With its integral role in HIV replication, HIV protease has been a prime target for drug therapy. HIV protease inhibitors work by specifically binding to the active site by mimicking the tetrahedral intermediate of its substrate and essentially becoming “stuck,” in the catalytic cycle, disabling the enzyme. After assembly and budding, viral particles lacking active protease cannot mature into infectious virions. Several protease inhibitors have been licensed for HIV therapy.

There are ten HIV-1 PR inhibitors that are currently approved by the Food and Drug Administration: indinavir, saquinavir, ritonavir, nelfinavir, lopinavir, amprenavir, fosamprenevir, atazanavir, tipranavir, and darunavir. Many of the inhibitors have different molecular components and thus different mechanistic actions, such as blocking the active site. Their functional roles also extend to influencing circulation concentrations of other inhibitor drugs (ritonavir) and being used only for certain circumstances in which the virus exhibits tolerance of other inhibitors (tipranavir).

=== Evolution and resistance ===
Due to the high mutation rates of retroviruses, especially due to mutationally sensitive regions (notably the region containing the catalytic triad sequence), and considering that changes to a few amino acids within HIV protease can render it much less visible to an inhibitor, the residues at the active site of this enzyme can change rapidly when under the selective pressure of replication-inhibiting drugs.
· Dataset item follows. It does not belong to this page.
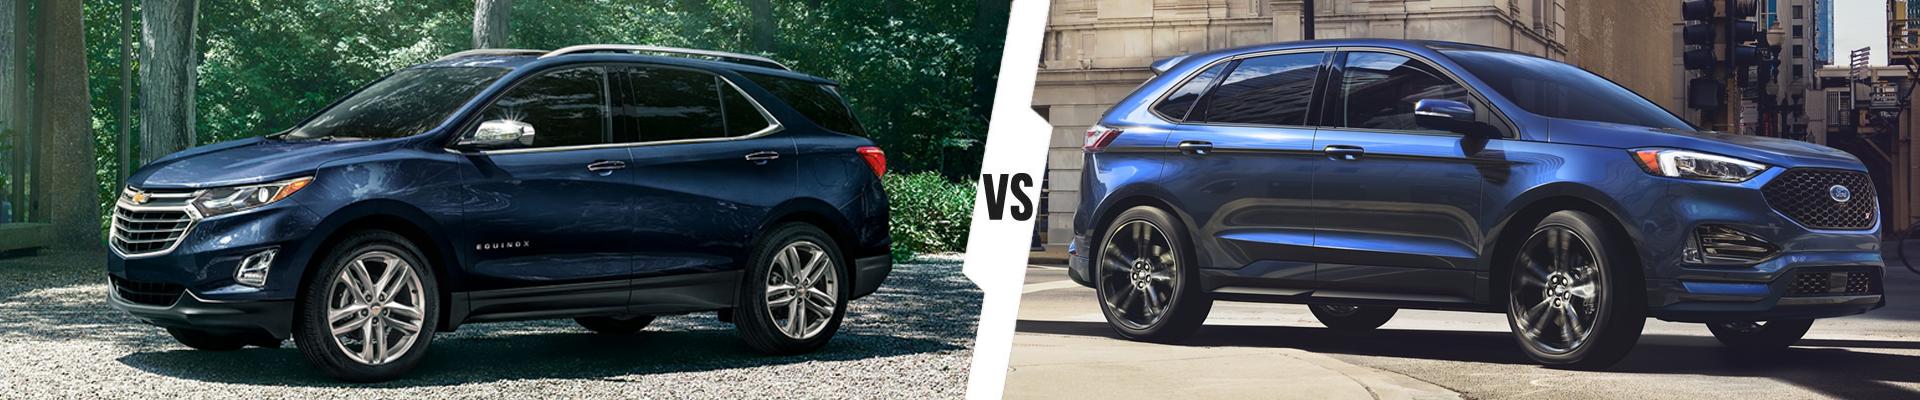 Crossover SUV Comparison: 2021 Chevrolet Equinox Versus 2020 Ford Edge

Despite most of known resistant mutations that can affect the stability of the HIV-1 PR, the protein could still perform its catalytic activity, sometimes facilitated by compensatory mutations.

Two types of mutations are generally associated with increasing drug resistance: "major" mutations and "secondary" mutations. Major mutations involve a mutation on the active site of HIV-1 PR, preventing the selective inhibitors from binding it. Secondary mutations refer to molecular changes on the periphery of the enzyme due to prolonged exposure to similar chemicals, potentially affecting inhibitor specificity for HIV-1 PR.

One approach to minimizing the development of drug-resistance in HIV is to administer a combination of drugs which inhibit several key aspects of the HIV replication cycle simultaneously, rather than one drug at a time. Other drug therapy targets include reverse transcriptase, virus attachment, membrane fusion, cDNA integration and virion assembly.